What is an amortization schedule?
An amortization schedule is a complete table of every loan payment broken down into principal and interest components, along with the remaining balance after each payment. It shows exactly how much of each payment reduces your loan balance versus how much goes to the lender as interest.
Why do I pay more interest at the start of my mortgage?
Because interest is calculated on the outstanding balance each month. At the start of a 30-year mortgage, your balance is at its highest — so the interest charge is at its highest. As you make payments and the balance decreases, each subsequent month's interest charge is slightly lower, and a slightly larger portion of your fixed payment goes toward principal. This is why early mortgage payments feel like they barely reduce your balance.
How do extra payments affect an amortization schedule?
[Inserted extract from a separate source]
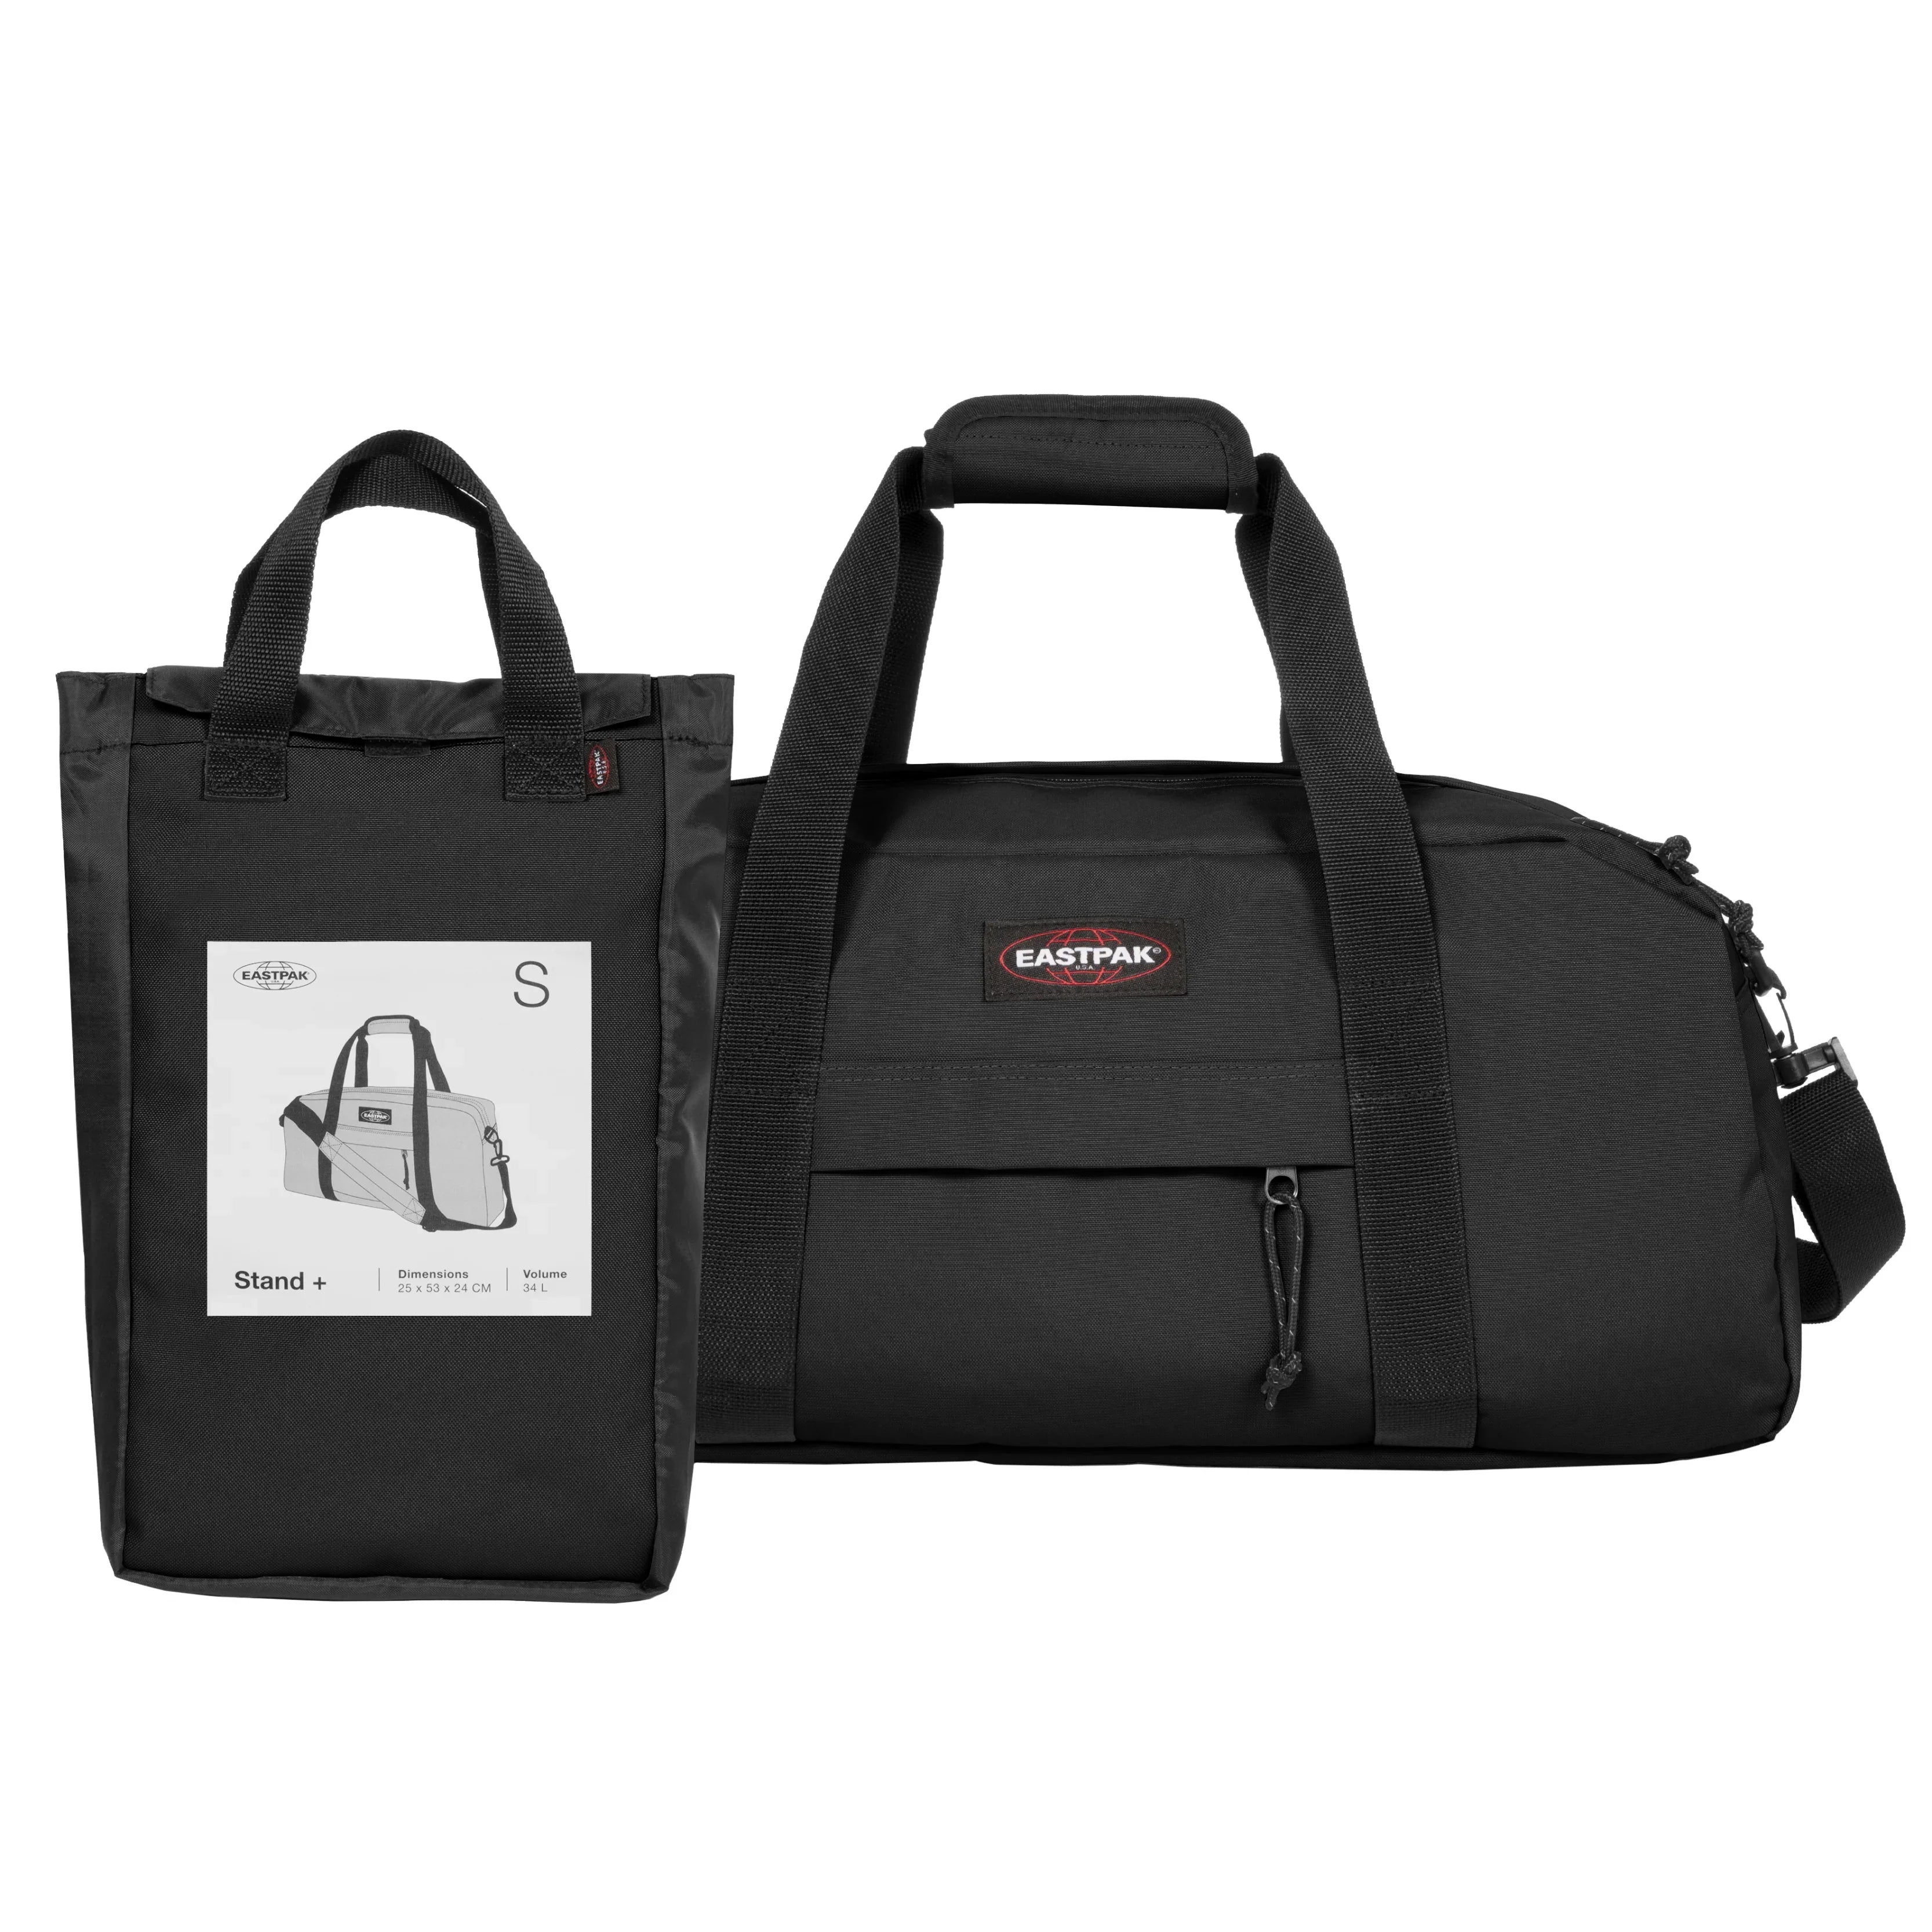 Eastpak Authentic Travel Stand Plus travel bag 53 cm - black

Extra principal payments directly reduce your outstanding balance, which reduces the interest charged in all future months. Even a small extra payment early in a loan has an outsized effect because it removes that principal from the interest calculation for the entire remaining loan term. On a 30-year mortgage, a single extra payment in year one can eliminate two or more future scheduled payments.
What is the difference between amortization and an amortization schedule?
Amortization is the process of paying off a loan through regular scheduled payments that cover both principal and interest. An amortization schedule is the table that documents this process — listing every payment date, the split between principal and interest for that payment, and the remaining balance. Amortization is the concept; the schedule is the detailed record of it.